• _Requirement_:
Instruction for the entries that follow: retype exactly the lines from the line with "Di giovane donna" to the line with "Esta es la portada", both included, and omit all others.

^^^^^^^^^^^^^^^^

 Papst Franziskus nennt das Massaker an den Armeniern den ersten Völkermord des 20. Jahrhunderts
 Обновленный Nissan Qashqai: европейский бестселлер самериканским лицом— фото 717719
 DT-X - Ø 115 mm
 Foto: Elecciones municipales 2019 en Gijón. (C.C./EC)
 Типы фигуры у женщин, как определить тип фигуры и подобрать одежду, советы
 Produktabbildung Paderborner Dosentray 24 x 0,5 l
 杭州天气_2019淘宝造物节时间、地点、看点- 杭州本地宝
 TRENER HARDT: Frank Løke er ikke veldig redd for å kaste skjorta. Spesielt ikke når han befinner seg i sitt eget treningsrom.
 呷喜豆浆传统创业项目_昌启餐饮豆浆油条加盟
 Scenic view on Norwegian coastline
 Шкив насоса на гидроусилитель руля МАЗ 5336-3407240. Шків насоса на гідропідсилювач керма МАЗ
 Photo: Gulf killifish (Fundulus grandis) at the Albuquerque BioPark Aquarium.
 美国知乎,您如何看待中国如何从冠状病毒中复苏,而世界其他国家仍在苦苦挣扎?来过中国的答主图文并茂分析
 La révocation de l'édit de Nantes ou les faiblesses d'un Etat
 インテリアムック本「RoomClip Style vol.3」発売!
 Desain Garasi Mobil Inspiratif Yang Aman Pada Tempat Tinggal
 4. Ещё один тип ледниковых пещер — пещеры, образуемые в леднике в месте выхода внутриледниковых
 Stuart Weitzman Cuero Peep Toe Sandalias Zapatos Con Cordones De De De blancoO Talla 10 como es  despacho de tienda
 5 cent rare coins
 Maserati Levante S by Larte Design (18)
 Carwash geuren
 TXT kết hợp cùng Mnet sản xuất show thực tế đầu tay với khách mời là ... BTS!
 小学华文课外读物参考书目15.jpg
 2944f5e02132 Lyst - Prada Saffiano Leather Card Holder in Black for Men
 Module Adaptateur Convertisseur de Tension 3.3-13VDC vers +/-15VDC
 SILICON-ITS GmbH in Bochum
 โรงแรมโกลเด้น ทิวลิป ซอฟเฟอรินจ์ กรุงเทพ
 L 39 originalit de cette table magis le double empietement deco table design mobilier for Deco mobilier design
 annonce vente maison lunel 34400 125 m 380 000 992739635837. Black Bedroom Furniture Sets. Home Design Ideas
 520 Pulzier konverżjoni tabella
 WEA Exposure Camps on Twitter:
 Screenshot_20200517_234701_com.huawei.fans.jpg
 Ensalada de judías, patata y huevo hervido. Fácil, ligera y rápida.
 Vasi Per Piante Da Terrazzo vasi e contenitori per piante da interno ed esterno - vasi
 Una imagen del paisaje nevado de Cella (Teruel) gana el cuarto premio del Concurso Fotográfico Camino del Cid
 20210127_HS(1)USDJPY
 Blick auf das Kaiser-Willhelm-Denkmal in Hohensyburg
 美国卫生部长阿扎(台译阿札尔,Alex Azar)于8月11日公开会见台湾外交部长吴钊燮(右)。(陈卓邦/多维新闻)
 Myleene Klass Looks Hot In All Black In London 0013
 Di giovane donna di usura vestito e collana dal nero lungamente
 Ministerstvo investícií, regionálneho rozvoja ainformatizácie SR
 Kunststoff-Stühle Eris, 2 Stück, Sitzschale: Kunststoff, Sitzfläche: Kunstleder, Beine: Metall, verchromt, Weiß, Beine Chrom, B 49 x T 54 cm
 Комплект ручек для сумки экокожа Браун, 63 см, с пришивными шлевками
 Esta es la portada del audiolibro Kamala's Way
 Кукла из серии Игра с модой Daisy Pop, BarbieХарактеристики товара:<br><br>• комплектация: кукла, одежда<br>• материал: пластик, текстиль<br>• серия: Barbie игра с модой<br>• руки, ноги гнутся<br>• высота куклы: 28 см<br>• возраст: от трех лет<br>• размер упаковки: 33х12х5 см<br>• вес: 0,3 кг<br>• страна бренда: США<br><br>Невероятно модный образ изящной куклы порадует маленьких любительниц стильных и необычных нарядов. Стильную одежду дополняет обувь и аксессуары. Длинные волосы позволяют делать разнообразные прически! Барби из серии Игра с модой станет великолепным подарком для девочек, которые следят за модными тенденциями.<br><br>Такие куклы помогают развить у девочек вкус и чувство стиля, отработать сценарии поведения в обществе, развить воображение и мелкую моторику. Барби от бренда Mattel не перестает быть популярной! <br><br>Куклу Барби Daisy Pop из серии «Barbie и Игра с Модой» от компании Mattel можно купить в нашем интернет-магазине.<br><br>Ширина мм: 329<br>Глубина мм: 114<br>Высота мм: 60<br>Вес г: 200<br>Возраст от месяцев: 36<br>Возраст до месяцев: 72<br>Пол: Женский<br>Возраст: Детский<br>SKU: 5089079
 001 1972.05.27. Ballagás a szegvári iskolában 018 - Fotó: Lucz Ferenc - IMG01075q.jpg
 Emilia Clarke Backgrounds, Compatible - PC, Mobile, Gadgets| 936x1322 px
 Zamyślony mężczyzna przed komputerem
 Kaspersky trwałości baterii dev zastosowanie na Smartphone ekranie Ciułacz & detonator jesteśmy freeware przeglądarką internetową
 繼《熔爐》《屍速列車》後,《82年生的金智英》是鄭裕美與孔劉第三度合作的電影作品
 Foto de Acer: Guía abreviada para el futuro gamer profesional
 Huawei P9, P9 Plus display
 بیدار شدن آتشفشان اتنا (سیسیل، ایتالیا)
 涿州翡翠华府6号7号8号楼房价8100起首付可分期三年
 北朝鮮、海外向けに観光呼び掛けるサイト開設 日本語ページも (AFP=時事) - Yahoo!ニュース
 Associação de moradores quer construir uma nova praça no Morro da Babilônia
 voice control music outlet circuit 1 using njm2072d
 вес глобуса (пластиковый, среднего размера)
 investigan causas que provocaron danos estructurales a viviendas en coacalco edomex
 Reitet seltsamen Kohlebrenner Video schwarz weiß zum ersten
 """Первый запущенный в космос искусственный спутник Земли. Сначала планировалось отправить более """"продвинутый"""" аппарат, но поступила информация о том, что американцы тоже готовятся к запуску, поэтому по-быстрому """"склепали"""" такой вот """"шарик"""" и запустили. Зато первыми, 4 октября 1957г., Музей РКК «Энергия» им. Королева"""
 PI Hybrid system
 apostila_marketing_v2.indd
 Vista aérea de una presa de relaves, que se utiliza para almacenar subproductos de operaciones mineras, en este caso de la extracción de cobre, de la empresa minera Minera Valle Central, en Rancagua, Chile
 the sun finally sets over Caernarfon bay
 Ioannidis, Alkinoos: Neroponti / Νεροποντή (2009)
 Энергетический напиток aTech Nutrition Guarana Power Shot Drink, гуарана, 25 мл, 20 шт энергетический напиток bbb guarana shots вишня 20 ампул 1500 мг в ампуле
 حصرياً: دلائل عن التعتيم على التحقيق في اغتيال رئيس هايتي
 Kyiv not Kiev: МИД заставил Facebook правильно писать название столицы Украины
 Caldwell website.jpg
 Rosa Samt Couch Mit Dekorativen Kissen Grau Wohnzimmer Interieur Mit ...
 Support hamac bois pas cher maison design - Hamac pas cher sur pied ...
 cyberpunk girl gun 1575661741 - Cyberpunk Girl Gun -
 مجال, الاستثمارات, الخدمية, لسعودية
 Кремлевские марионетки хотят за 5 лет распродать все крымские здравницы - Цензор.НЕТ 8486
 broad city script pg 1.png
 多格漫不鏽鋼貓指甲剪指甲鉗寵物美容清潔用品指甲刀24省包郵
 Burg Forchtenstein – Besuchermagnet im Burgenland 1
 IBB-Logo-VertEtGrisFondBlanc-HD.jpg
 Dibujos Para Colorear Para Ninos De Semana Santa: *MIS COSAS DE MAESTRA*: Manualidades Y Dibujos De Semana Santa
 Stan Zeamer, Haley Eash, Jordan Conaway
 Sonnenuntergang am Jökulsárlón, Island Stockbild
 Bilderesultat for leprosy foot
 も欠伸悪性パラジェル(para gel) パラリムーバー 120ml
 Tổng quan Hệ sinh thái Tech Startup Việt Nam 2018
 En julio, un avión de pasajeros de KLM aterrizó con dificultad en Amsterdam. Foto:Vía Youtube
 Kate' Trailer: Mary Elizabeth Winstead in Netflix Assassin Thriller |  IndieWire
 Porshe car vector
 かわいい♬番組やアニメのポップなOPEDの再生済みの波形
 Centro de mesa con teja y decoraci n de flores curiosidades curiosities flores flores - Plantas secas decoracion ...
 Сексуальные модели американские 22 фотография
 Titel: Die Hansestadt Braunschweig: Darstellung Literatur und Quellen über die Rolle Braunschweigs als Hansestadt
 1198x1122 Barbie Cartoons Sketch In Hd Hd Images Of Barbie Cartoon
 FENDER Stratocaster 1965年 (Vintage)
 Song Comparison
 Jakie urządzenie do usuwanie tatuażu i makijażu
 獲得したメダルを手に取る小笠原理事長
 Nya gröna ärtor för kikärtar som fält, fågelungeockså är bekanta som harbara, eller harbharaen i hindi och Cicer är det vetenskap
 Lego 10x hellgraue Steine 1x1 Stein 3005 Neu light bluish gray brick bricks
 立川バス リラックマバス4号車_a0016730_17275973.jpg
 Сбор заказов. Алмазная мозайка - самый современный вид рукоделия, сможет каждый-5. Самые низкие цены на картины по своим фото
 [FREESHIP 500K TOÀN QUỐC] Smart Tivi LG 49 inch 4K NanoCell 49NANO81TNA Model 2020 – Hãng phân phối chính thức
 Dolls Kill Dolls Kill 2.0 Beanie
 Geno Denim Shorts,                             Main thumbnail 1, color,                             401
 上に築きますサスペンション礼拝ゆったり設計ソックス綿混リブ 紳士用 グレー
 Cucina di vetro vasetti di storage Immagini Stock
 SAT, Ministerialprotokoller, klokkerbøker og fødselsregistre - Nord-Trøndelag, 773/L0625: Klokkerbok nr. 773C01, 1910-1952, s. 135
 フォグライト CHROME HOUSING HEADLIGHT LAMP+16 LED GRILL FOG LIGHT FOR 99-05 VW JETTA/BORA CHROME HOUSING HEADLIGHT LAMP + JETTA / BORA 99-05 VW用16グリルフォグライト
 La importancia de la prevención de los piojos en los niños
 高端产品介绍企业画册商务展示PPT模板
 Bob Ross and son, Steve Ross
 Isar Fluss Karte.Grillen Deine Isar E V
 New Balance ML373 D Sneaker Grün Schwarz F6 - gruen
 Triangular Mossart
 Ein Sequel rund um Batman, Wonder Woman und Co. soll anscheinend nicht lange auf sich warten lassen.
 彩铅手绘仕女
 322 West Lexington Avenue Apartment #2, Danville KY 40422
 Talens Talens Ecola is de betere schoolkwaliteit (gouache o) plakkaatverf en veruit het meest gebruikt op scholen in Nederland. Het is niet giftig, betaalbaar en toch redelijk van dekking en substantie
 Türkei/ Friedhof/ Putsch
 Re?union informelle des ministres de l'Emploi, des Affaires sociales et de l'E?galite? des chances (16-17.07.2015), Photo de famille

^^^^^^^^^^^^^^^^

• _Task answer_:
 Di giovane donna di usura vestito e collana dal nero lungamente
 Ministerstvo investícií, regionálneho rozvoja ainformatizácie SR
 Kunststoff-Stühle Eris, 2 Stück, Sitzschale: Kunststoff, Sitzfläche: Kunstleder, Beine: Metall, verchromt, Weiß, Beine Chrom, B 49 x T 54 cm
 Комплект ручек для сумки экокожа Браун, 63 см, с пришивными шлевками
 Esta es la portada del audiolibro Kamala's Way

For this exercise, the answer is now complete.